Пещера
Шрифт:
– А мы о Ковиче делаем передачу, – похвалилась она просто затем, чтобы не молчать.
– Да? – удивилась Стефана. – Ой как интересно…
И продолжала прерванный рассказ о положении дел в институте, о молодой сотруднице, делающий колоссальные успехи и обреченной на большое будущее в науке, о своем бездарном, но трудолюбивом заместителе, о большом конгрессе, который состоится в следующем месяце и на котором она, Стефана, будет вести секцию.
Глаза Стефаны по-рысьи горели. Про работу она умела говорить часами; Павла кивала
Тем временем мужская игра выплеснулась за границы игрушечного поля; вооружившись вениками, хоккеисты гоняли по квартире теннисный мячик. Павла добиралась до своей комнаты с предосторожностями, как альпинист на лавиноопасном участке. В коридоре ей досталось мячиком по щиколотке – Митика восторженно завопил; Павла плотно закрыла за собой дверь, села на диван и поставила на колени оранжевую коробку телефона.
«Он мне кассет не даст.» – «Да? А зачем ты тогда мне нужна?.. Учись, милая, разговаривать с людьми, надо, чтоб дал… Позвони ему, похвали последнюю премьеру, ну, что хочешь…»
Павла поморщилась.
Собственно, что страшного? Что тяжелого и печального осталось в жизни, если саага больше – не будет?.. Подумаешь, какой-то зазнавшийся режиссер. Велика важность…
Гудки длились так долго, что она уже потянулась к рычагу, и в этот самый момент на том конце провода послышалось мрачное:
– Говорите!
Павла растерялась. Она, собственно, и позвонила затем, чтобы говорить – но не ждала такого грубого и настойчивого побуждения.
– Говорите, ну?..
– Добрый день, – пролепетала Павла нежным голоском, одновременно игривым и елейным. – Господин Кович?
– Ну, – с отвращением подтвердила трубка.
– Вас беспокоит студия художественных программ, четвертый канал… Мы готовим передачу о вашем тво…
– Имя режиссера.
– Что? – сбилась с речи Павла.
– Имя режиссера передачи, не ты же ее делаешь, да?
За дверью пронзительно завопил Митика. Павла заткнула свободное от трубки ухо.
– А… режиссера? Господин Раздолбе… Господин Мырель, автор цикла о…
– Что, он сам не может позвонить?
– А… Я ассистент и хотела бы… кассеты…
– Потом, – сухо бросила трубка. – Я занят.
Короткие гудки.
«Найди хорошие слова… Работай. Хочешь сделать карьеру – учись…»
Павла вздохнула.
Похоже, ей никогда не сделать карьеру.
Сарна брела, низко опустив изящную голову, обратив раструбы ушей к земле.
Камень отзывается первым. Камень вздрагивает от шагов, и отзвуки их, глухие и звонкие, разносятся на много переходов кругом, и сарна знает, что минуту назад в кривом коридоре двумя ярусами выше жадный коричневый схруль задрал самку тхоля. Задрал, утолив жажду крови, и теперь не знает, что делать с костлявым растерзанным тельцем – и без того сыт…
Дыхание. Сарне казалось, что она слышит его со всех сторон – разными голосами дышал сырой ветер.

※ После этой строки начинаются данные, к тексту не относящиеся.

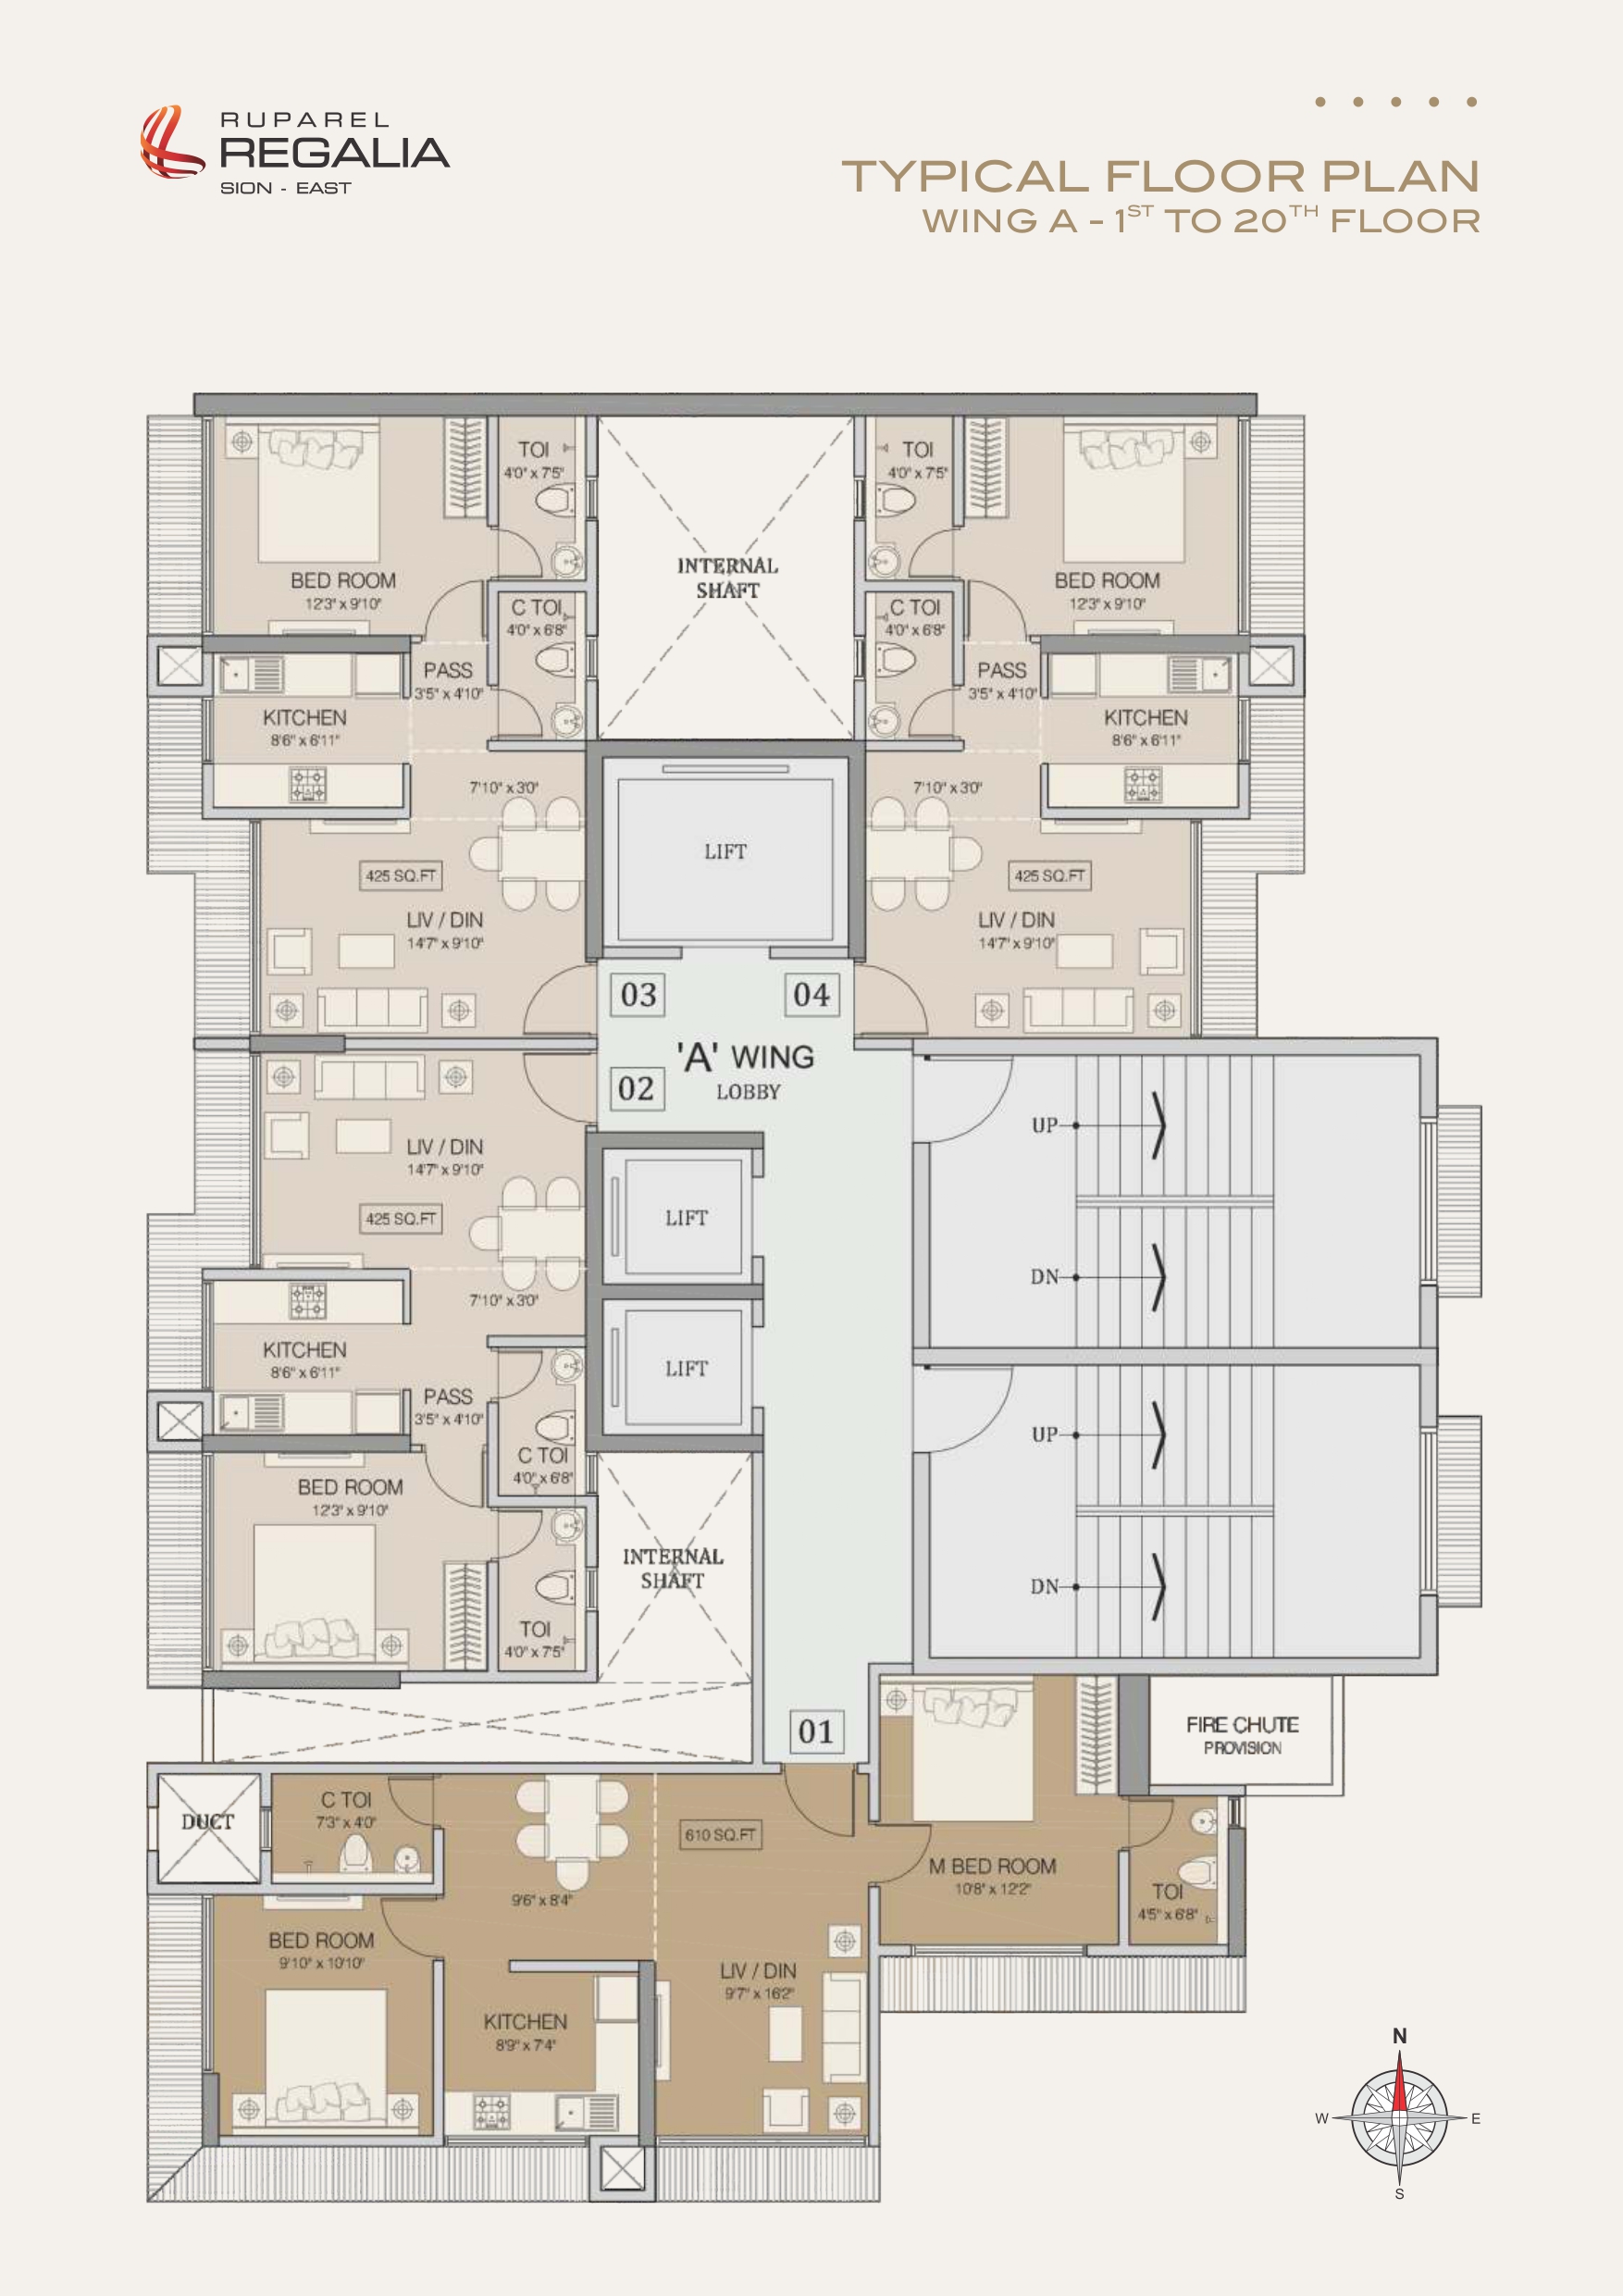 TYPICAL FLOOR PLAN<BR>WING A - 1ST TO 20TH FLOOR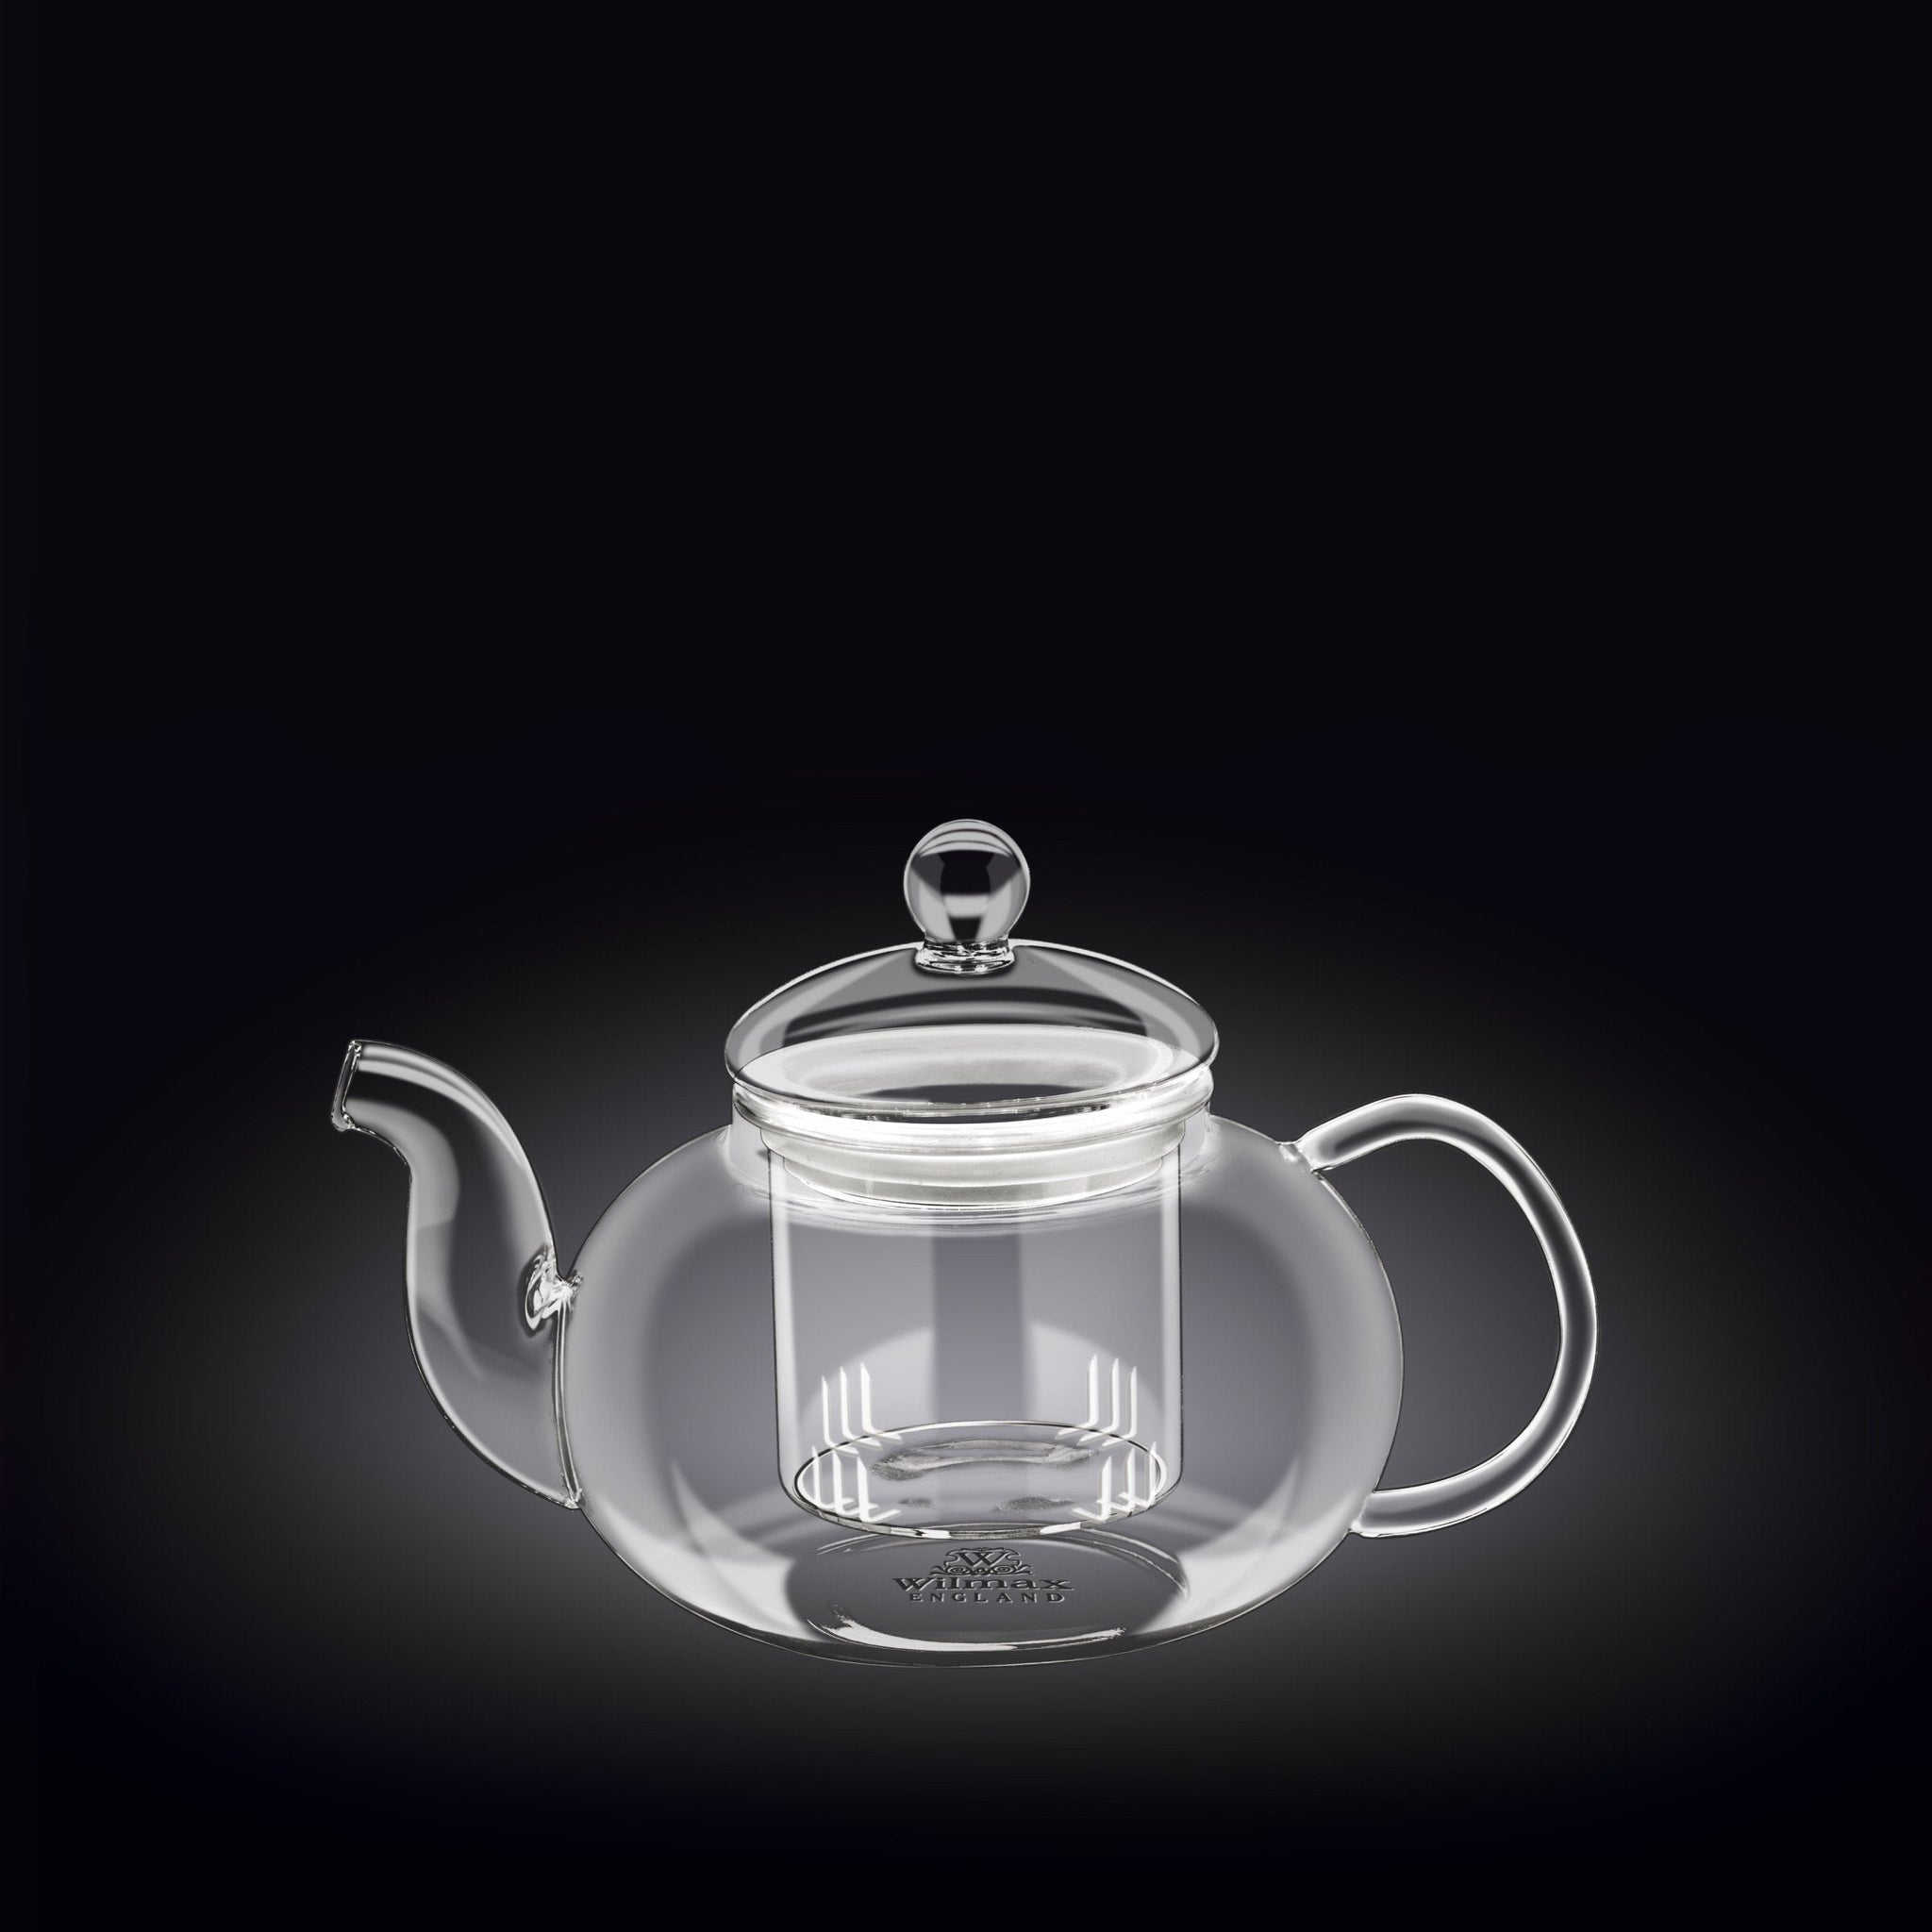 Thermo Glass Teapot 20 Fl Oz | High temperature and shock resistant by Wilmax Porcelain

Ее манила вода, но путь к реке перегорожен был страхом. Она бродила в дальних, пустынных коридорах, ловила ушами вздохи и отзвуки, но – все яснее и четче – осознавала наползающую, сочащуюся из провалов беду.
Она поднялась ярусом выше. За три прохода обогнула пасущуюся пару сородичей-сарн, поднялась снова, осторожно обошла сытого схруля и снова напрягла раковины ушей, пытаясь вычленить из хора безопасных звуков ноту своего беспокойства – тщетно. Ничто не нарушало размеренной жизни Пещеры, а вместе с тем маленький зверь с проплешиной на груди все чаще и чаще вздрагивал, прислушивался и озирался.
Ее искали.
Ее искал напряженный взгляд, и огромные ноздри приплюснутого черного носа цедили ветерок Пещеры, по крупице вылавливая ее запах; сарна, почти лишенная нюха, интуитивно ощущала, как растекается ее дух по коридорам и ярусам, струйкой сбегает вниз и поднимается вверх, повисает над каменным полом, увязает во мхах…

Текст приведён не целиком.